Rules followed to the letter by the La Vecchia family that, for this reason, stands out for years in the production of this precious stringy pasta product.


When milk, once arriving to the dairy, is ready to enter the process of “caseificazione”.  In the tank, it is brought to a temperature between 33 and 39° C; the whey from the processing of the day before, named “cizza”, is added to it together with natural rennet. This process is called natural leavening.

Once coagulated and acidified we proceed with the breaking of the casein lumps with the “spino” , a simple and ancient tool used by the cheese-maker to break the curd. At this stage of the work there is the separation between the solid part, the curd, and the liquid part of the milk, also called “sweet whey” from which the delicious buffalo milk ricotta will be made.

The curd is left to acidify under the whey until it is ripe or ready for the “filatura”: the stretching phase of the process. At this point only the hands of a skilled dairyman are able to stir the boiling water with the chopped curd in the tub to melt it, lift it, stretch it evenly without breaking it and to proceed with the actual stretching process.

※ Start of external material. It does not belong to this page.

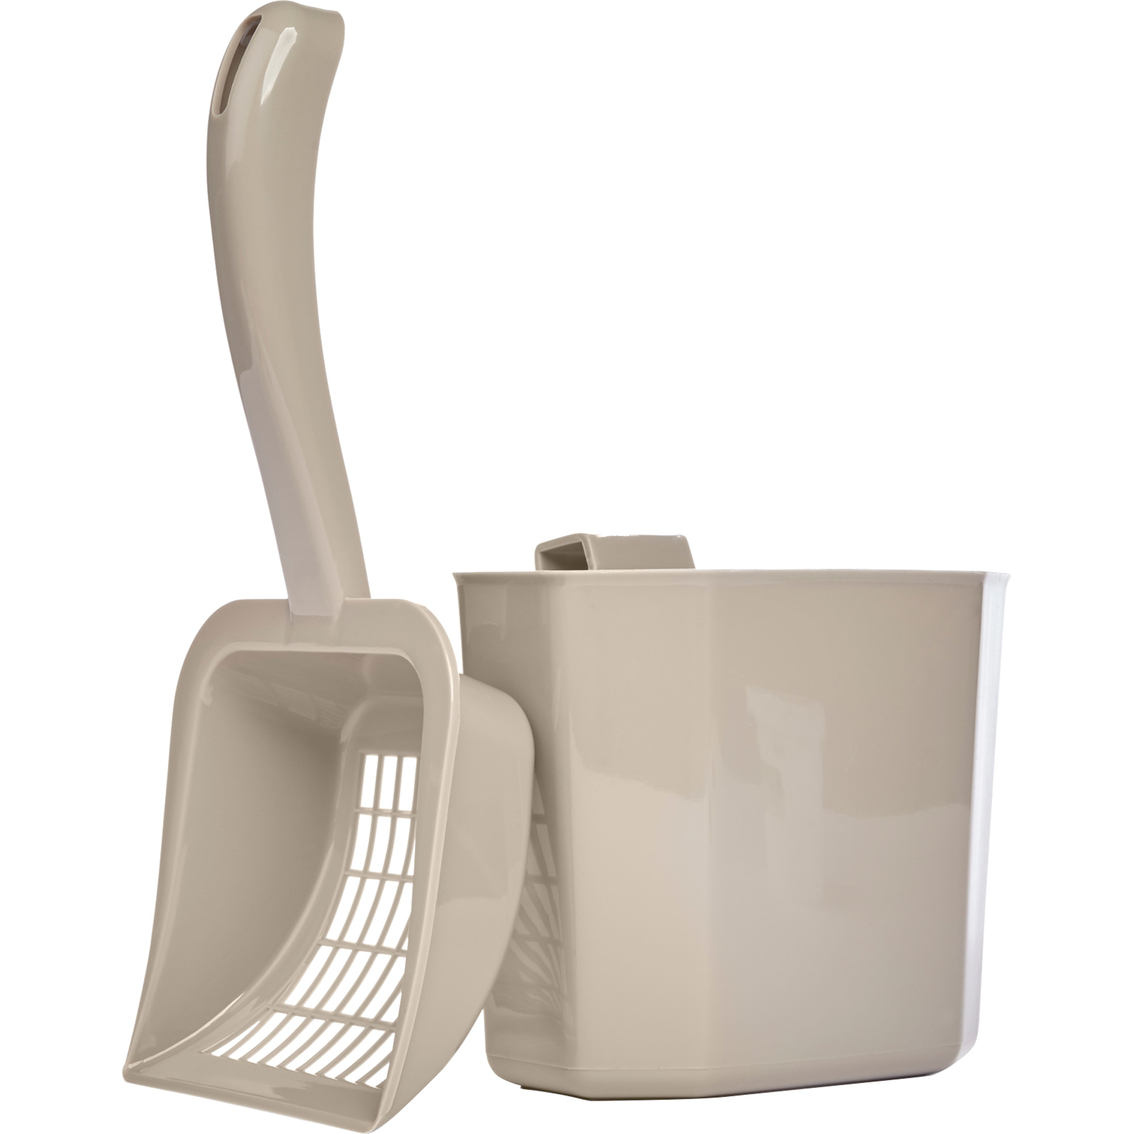 So Phresh Scoop and Holder with Receptacle Cat Litter - Image 3 of 4

Now it can be shaped into the 10-gram mozzarellas: bead, cherry, morsel; up to three kilograms: braids and knots included. The different shapes and weights can be obtained manually by the cheese maker himself, by his collaborators or with the help of machines. The “Mozzarella di Bufala Campana” is then placed in large tanks containing cold water, to ensure firming, and saline solution, to give the right degree of flavour.